Please consider reconfiguring your resolver in one or more of these ways:
- To only serve your customers and not respond to outside IP addresses (in BIND, this is done by defining a limited set of hosts in "allow-query"; with a Windows DNS server, you would need to use firewall rules to block external access to UDP port 53)
- To only serve domains that it is authoritative for (in BIND, this is done by defining a limited set of hosts in "allow-query" for the server overall but setting "allow-query" to "any" for each zone)
- To rate-limit responses to individual source IP addresses (such as by using DNS Response Rate Limiting or iptables rules)
More information on this type of attack and what each party can do to mitigate it can be found here: http://www.us-cert.gov/ncas/alerts/TA13-088A
If you are an ISP, please also look at your network configuration and make sure that you do not allow spoofed traffic (that pretends to be from external IP addresses) to leave the network. Hosts that allow spoofed traffic make possible this type of attack.

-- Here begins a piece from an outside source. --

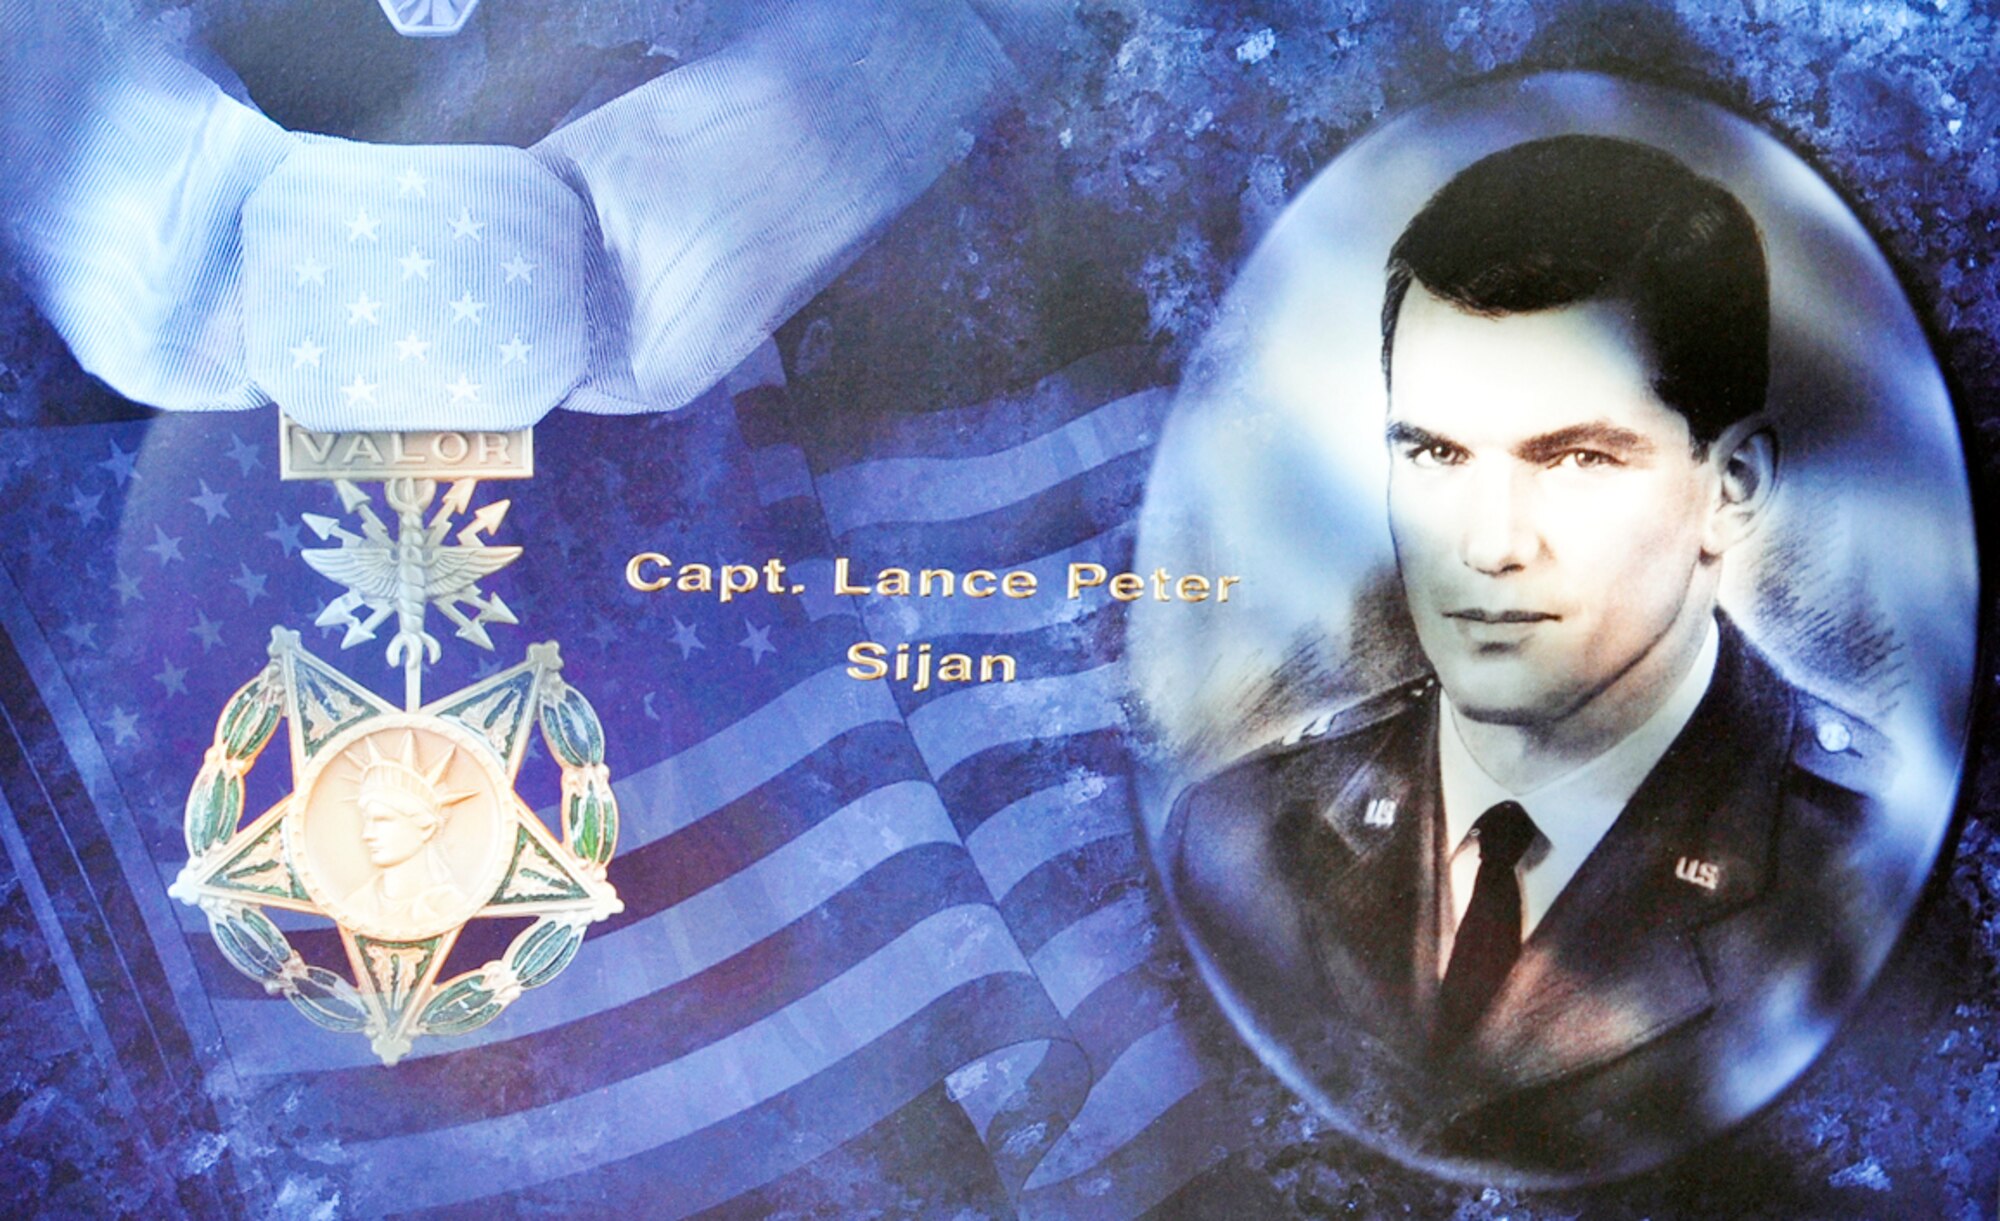 The annual Capt. Lance P. Sijan Award recognizes the accomplishments of officers and enlisted members who have demonstrated the highest qualities of leadership in the performance of their duties and the conduct of their lives. (U.S. Air Force photo illustration)

Example DNS responses from your resolver during this attack are given below.=20 Date/timestamps (far left) are UTC.
... removed to hide ip address
(The final octet of our customer's IP address is masked in the above output because some automatic parsers become confused when multiple IP addresses are included. The value of that octet is "185".)
I followed the link:
https://www.us-cert.gov/ncas/alerts/TA13-088A
From what it is telling me, evil do-ers out there are using our servers to cause denial of service attacks, at least that is what I gather from the link.
It suggests we make the following change:
My questions are, will this cause issues with the other virtual machines on the network and will this fix the problem? Is there any repercussions on making this change?
Any have any suggestions on handling this? We have 3 domain controllers that we probably need adjust to prevent this.
Thanks in advanced!
EDIT#1
If we set up the firewall rule to only include our ip addresses on port 52, would that solve our problem? Just a thought.